6. Persistence of cache configuration
Cache configuration can be made persistent through startup scripts.
7. Persistence of cached data
Cached data can be made persistent. There is an option to make it volatile only for abrupt shutdowns or reboots. This is to prevent the HDD and the SSD for a cache going out of sync, say in enterprise environments. There a large number of HDDs and SSDs may be accessed by a number of servers through a switch.
8. SSD life
An administrator has an option to choose a cache mode appropriate for desired SSD life. SSD life depends on the number of writes. These are defined by a cache mode: read-only (R1, W0), write-through (R1, W1), write-back (R1, W1 + MD writes).
9. Performance
EnhanceIO(TM) driver through put is equal to SSD throughput for 100% cache hits. No difference is measurable within the error margins of throughput measurement. Throughput generally depends on cache hit rate and is between HDD and SSD through put. Interestingly throughput can also be higher than SSD for a few test cases.
10. ACID properties
EnhanceIO(TM) metadata layout does not contain a journal or a shadow-page update capability, which are typical mechanisms to ensure atomicity. Write-back feature instead has been developed on the basis of safe sequence of SSD operations. A safe sequence is explained as follows - A cache operation may involve multiple block writes. A sequence of block writes is safe when executing only first few of them does not result in inconsistencies. If the sequence involves two block writes, if only one of them is written, it does not cause an inconsistency. An example of this is dirty block write - dirty data is first written; after that updated metadata is written. If an abnormal shutdown occurs after the dirty data is written, it will not cause inconsistency. This dirty block will be ignored as it's metadata is yet to be written. Since application wasn't returned IO completion status before the shutdown, it'll assume that the IO never made it to HDD.

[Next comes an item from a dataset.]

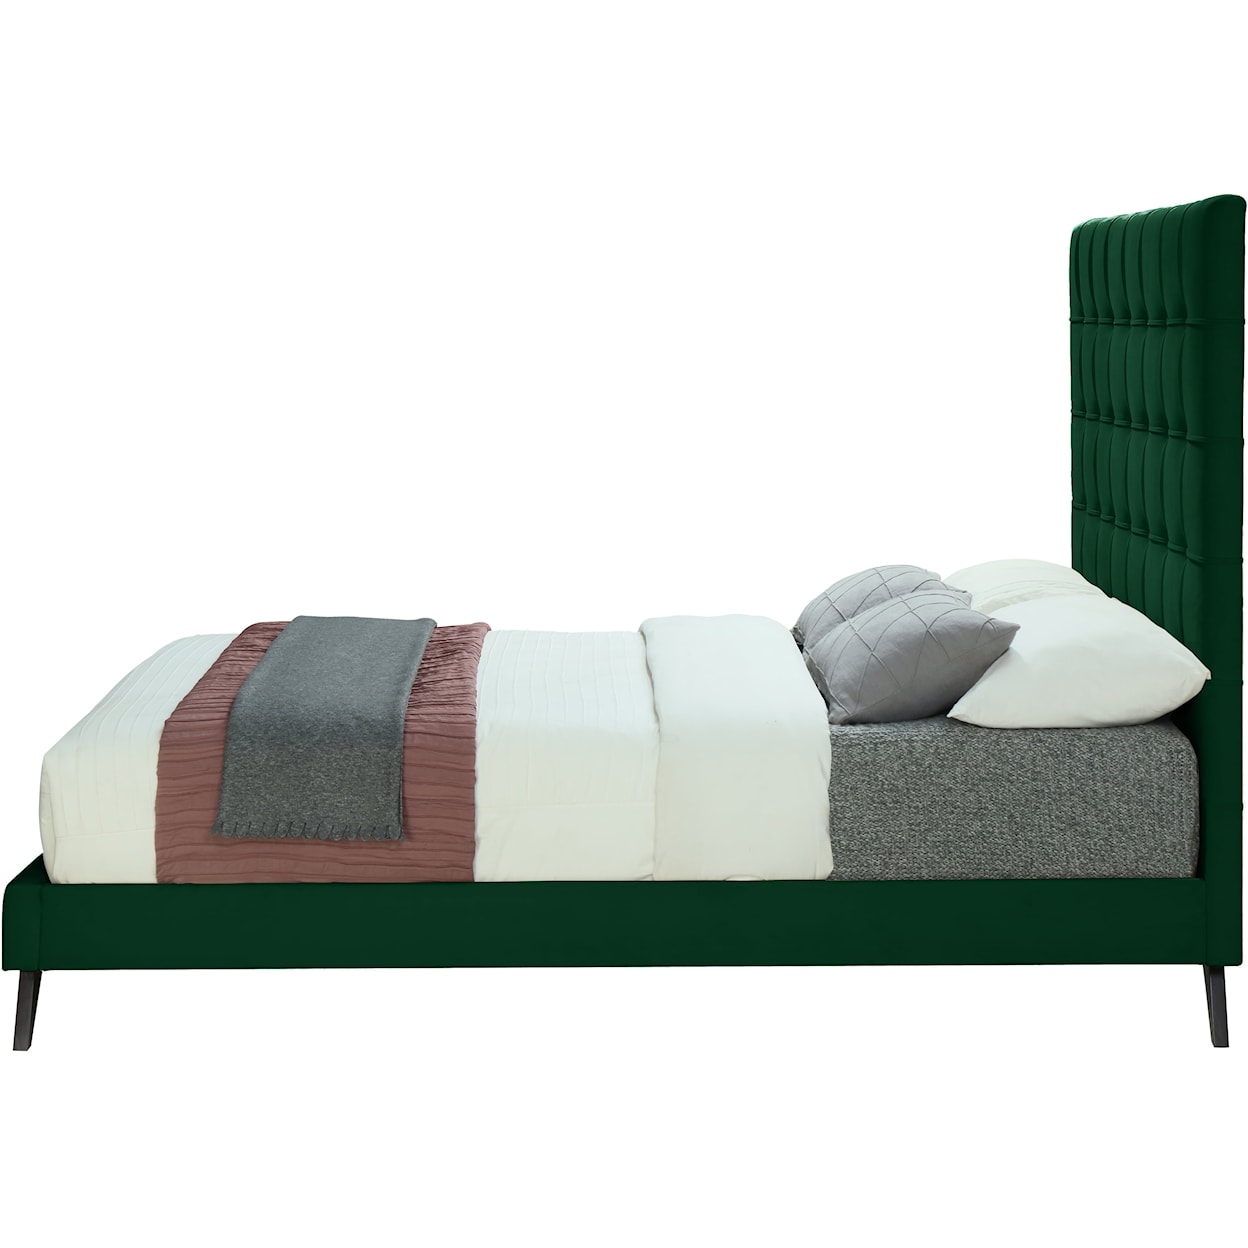 Meridian Furniture Elly Full Bed

EnhanceIO(TM) driver offers atomicity guarantee at a SSD internal flash block size level. In the case of an abnormal shutdown, for all IO requests each block in the IO request persists either in full or none. In no event does an incomplete block be found when cache is enabled later. For example for an SSD having an internal flash block size of 4kB - if an IO of 8kB was requested at offset 0, the end result could be either first 4kB being written, or the last 4kB being written, or none being written. If an IO of 4KB was requested at offset 2KB, the end result could be either the first 2kB (contained in first cache block) being written, or the last 2kB (contained in the second cache block) being written, or none of them being written.
If an SSD internal flash block size is smaller than cache block size, a torn-page problem could occur, where a cache block may contain garbage in the case of an abrupt power failure or an OS crash. This is an extremely rare condition. At present none of the recently manufactured SSDs are known to have less than 4kB of internal flash block size.
Block devices are required to offer an atomicity guarantee at a sector level (512bytes) at a minimum. EnhanceIO(TM) driver write-back conforms to this requirement.
If upper layers such as filesystems or databases are not prepared to handle sector level atomicity, they may fail in the case of an abnormal shutdown with EnhanceIO(TM) driver as well has HDD. So HDD guarantees in this context are not diluted.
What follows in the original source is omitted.